En l’état des pièces de la procédure, M [Q], qui est appelant, ne s’est pas acquitté du paiement du droit d’appel prévu aux dispositions susvisées, de sorte que son appel principal est irrecevable.
Par l’effet des dispositions de l’article 550 du code de procédure civile, l’appel incident de Mme [B] est également irrecevable.
Partie perdante, au sens de l’article 696 du code de procédure civile, M. [Q] sera condamné aux dépens de la procédure d’appel.
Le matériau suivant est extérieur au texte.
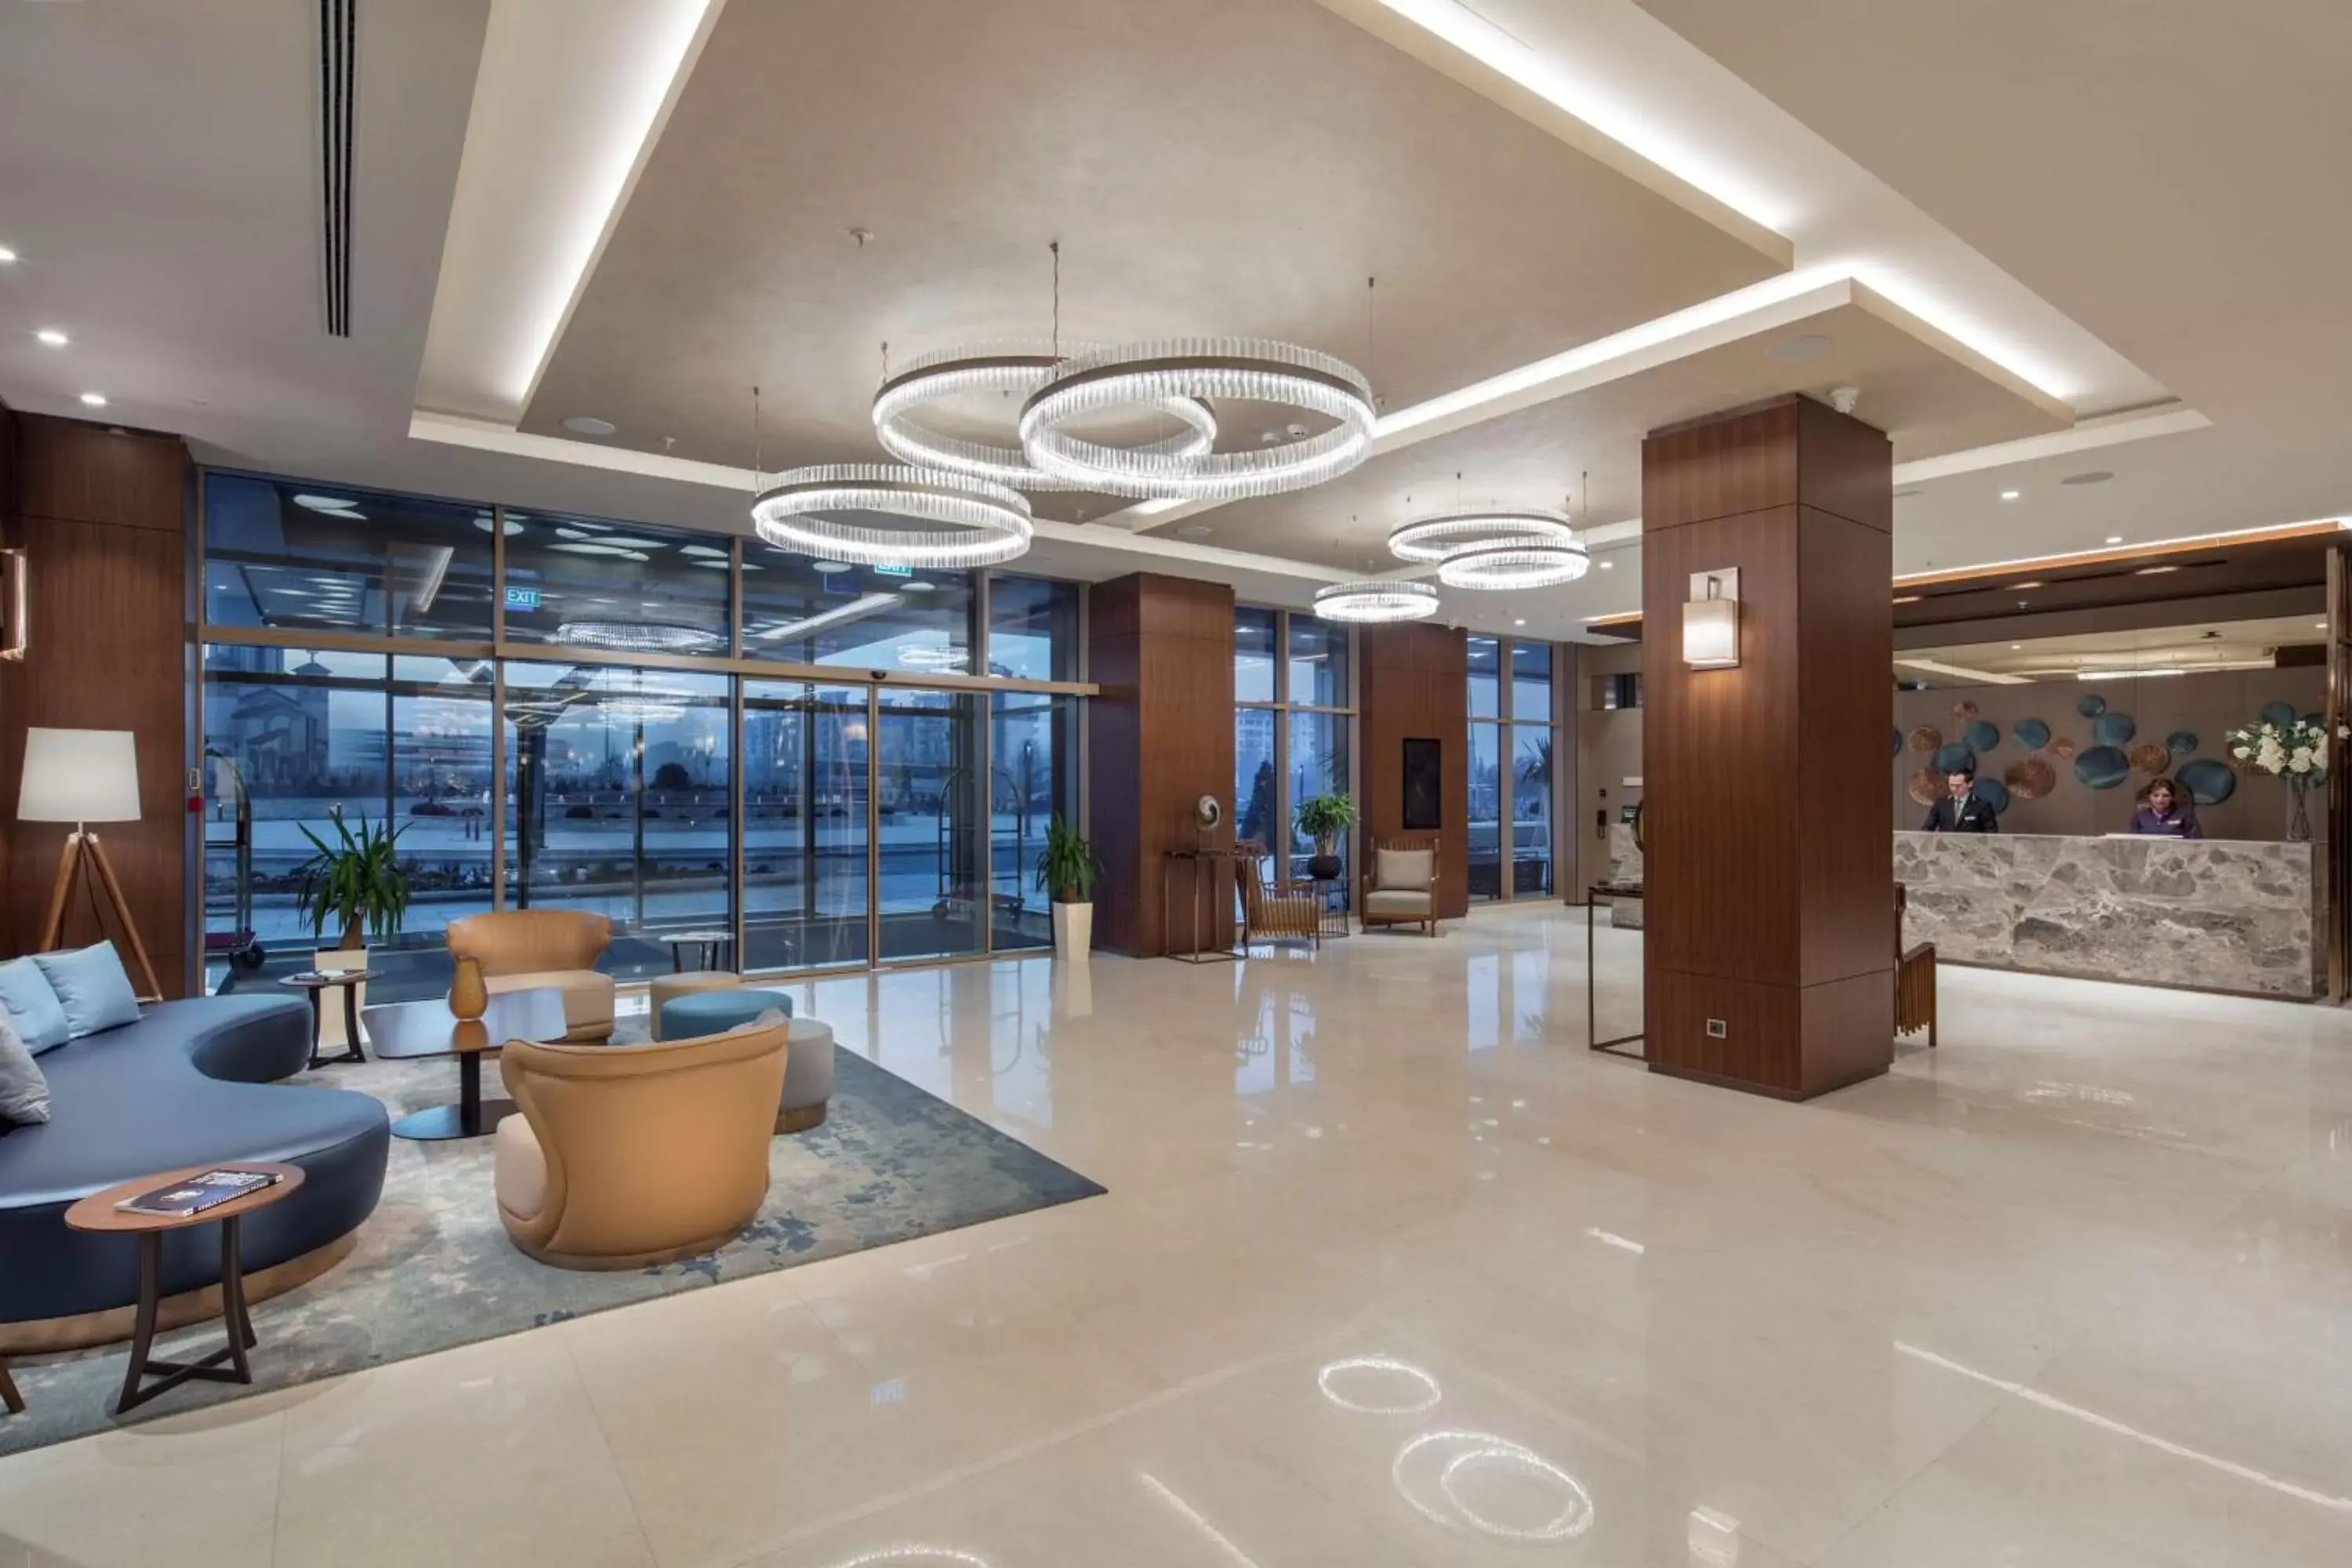 Lobby or reception, Lobby/Reception in DoubleTree By Hilton Skopje

En outre, pour sa défense en appel selon les règles de la procédure écrite, Mme [B] s’est trouvée dans l’obligation de faire conclure, par deux fois, son conseil, de sorte que des frais d’honoraires non compris dans les dépens ont été engagés.
Il en résulte qu’il est équitable de condamner M [Q] à payer la somme de 1000 euros à la partie intimée, sur le fondement de l’article 700 du code de procédure civile, en cause d’appel. Mme [B] étant bénéficiaire de l’aide juridictionnelle, cette somme devra être payée directement entre les mains de son avocat, Maître [T] [D], lequel renoncera à percevoir la part contributive de l’Etat à proportion de la somme reçue.
PAR CES MOTIFS,
La cour,
Déclare l’appel principal de M. [V] [Q] irrecevable,
Déclare l’appel incident de Mme [W] [B] irrecevable,
Condamne M. [V] [Q] aux dépens d’appel,
Condamne M. [V] [Q] à payer à Maître [T] [D], conseil de Mme [W] [B], la somme de 1000 euros, sur le fondement de l’article 700 du code de procédure civile et de l’article 37 de la loi du 10 juillet 1991 sur l’aide juridictionnelle.
Le greffier
Le président
EN CONSÉQUENCE
LA RÉPUBLIQUE FRANÇAISE mande et ordonne à tous les commissaires de justice, sur ce requis, de mettre ladite décision à exécution, aux procureurs généraux et aux procureurs de la République près les tribunaux judiciaires d’y tenir la main, à tous les commandants et officiers de la [Localité 9] Publique de prêter main-forte lorsqu’ils en seront légalement requis. En foi de quoi, la présente décision a été signée par le Président et le Greffier.